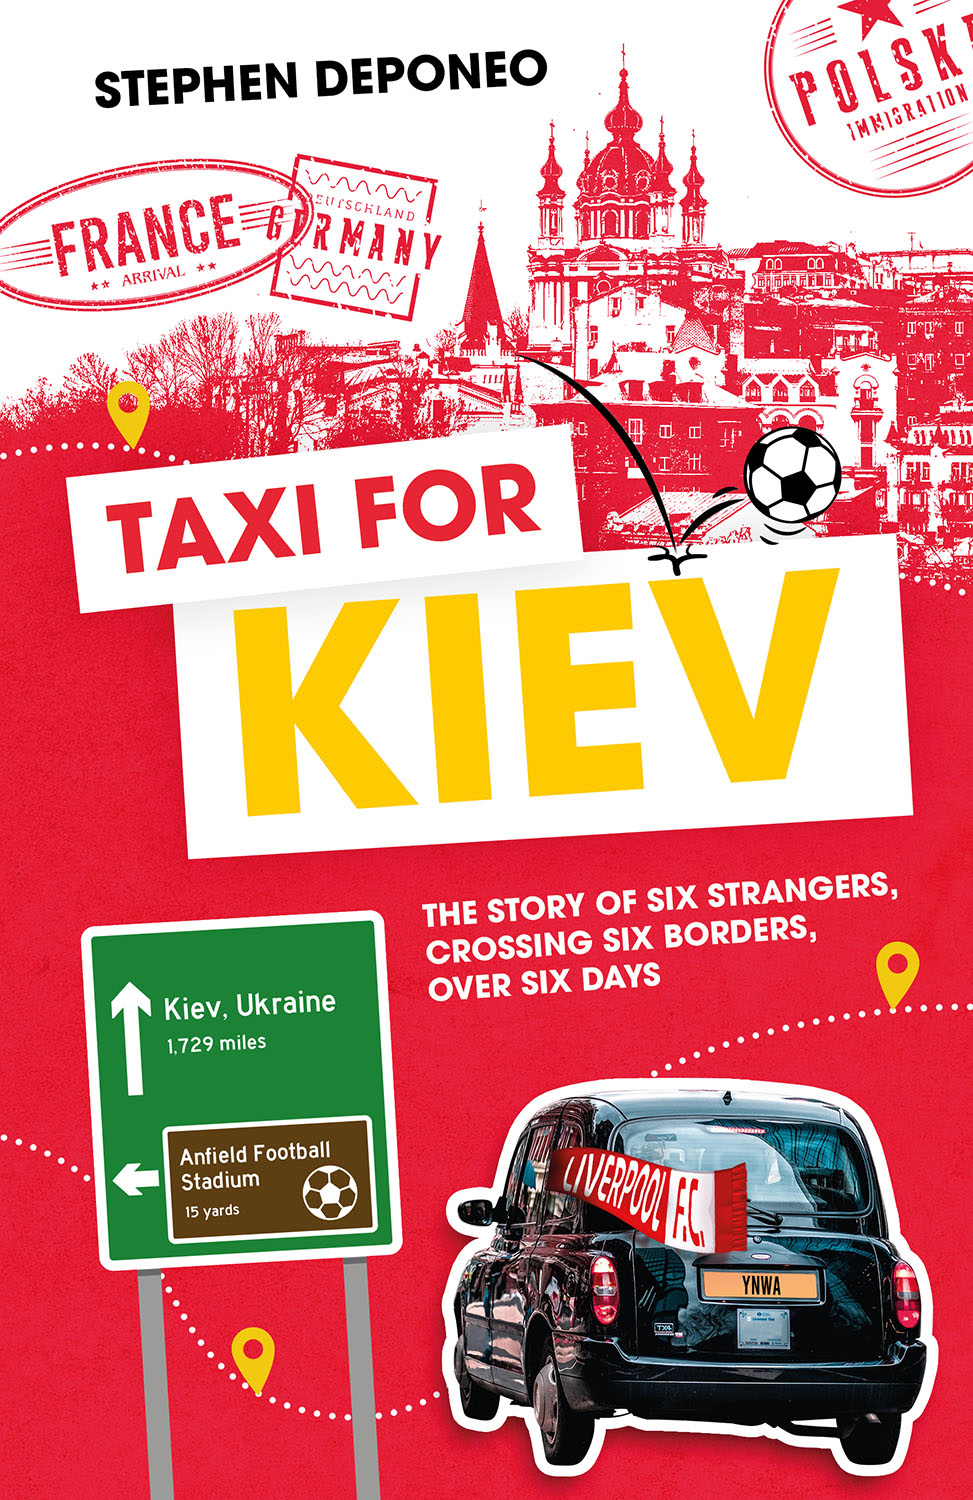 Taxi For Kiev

═══

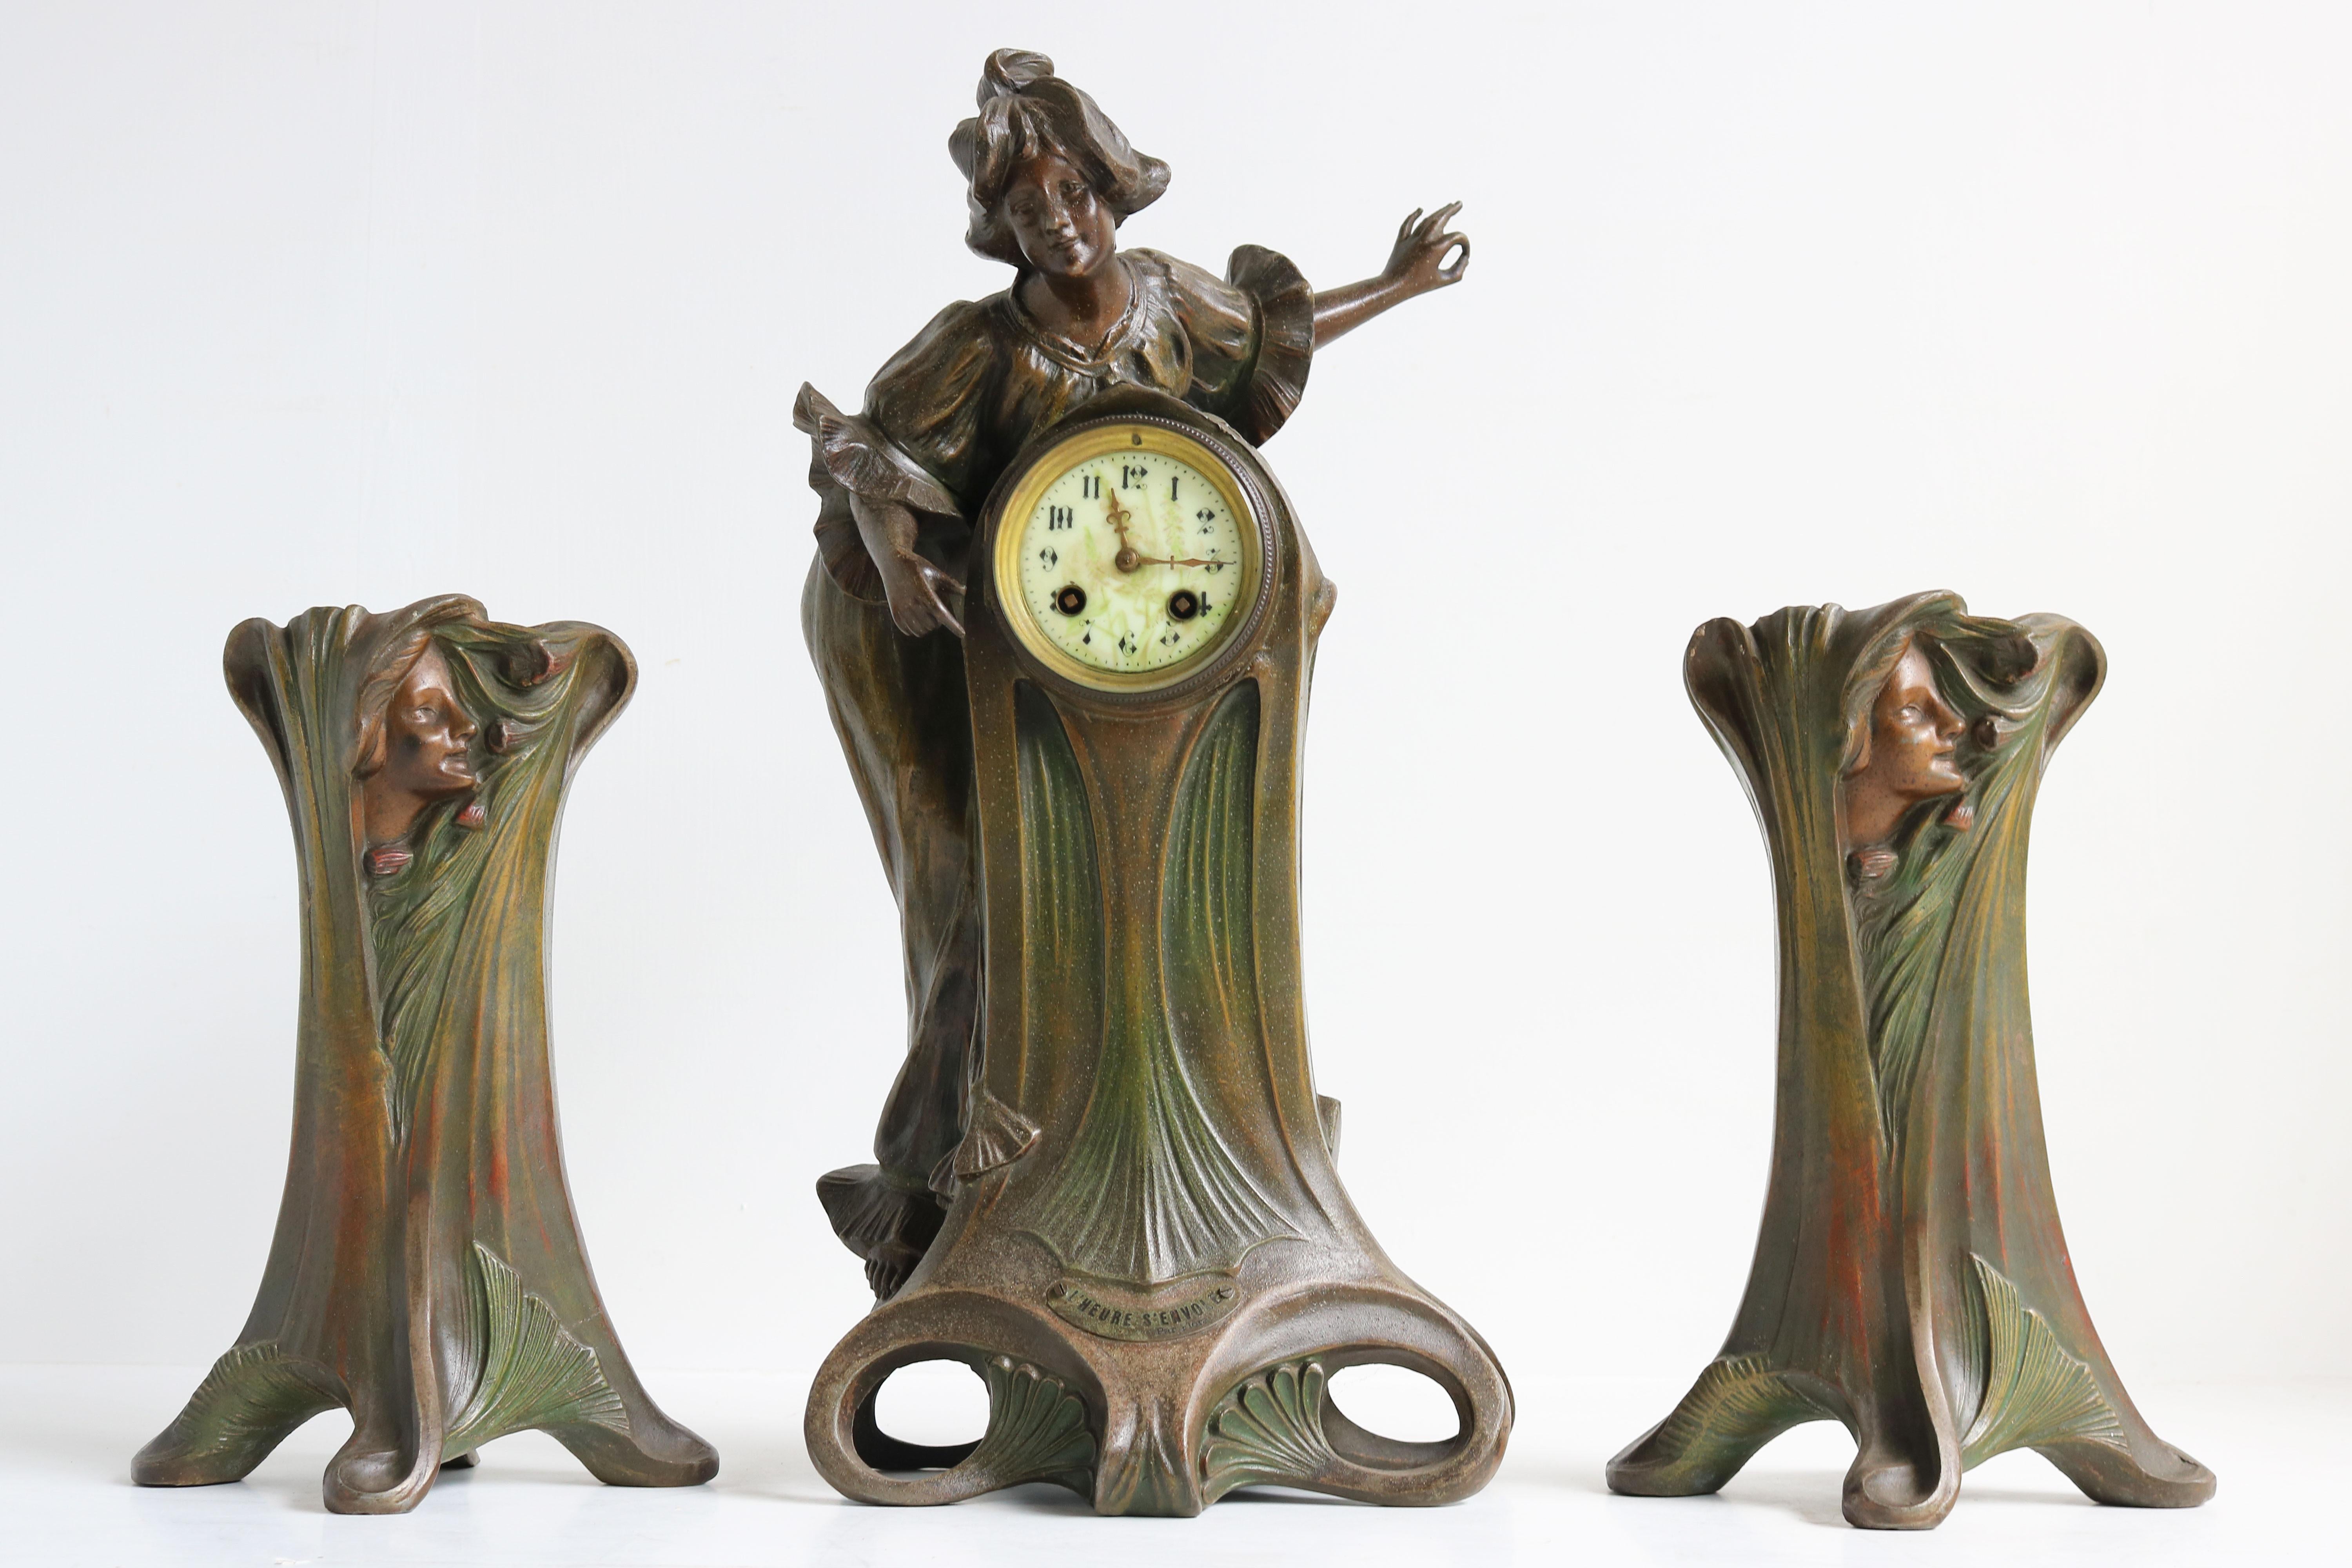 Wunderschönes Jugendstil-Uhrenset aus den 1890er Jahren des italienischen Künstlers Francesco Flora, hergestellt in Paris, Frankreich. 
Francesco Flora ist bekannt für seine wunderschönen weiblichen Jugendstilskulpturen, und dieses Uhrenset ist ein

═══

**TASK DESCRIPTION**
Write out the lines above from the one with "Wunderschönes Jugendstil-Uhrenset aus" through the one with "Francesco Flora ist", ends included, exactly; no picture goes in.

**YOUR SOLUTION**
 Wunderschönes Jugendstil-Uhrenset aus den 1890er Jahren des italienischen Künstlers Francesco Flora, hergestellt in Paris, Frankreich. 
Francesco Flora ist bekannt für seine wunderschönen weiblichen Jugendstilskulpturen, und dieses Uhrenset ist ein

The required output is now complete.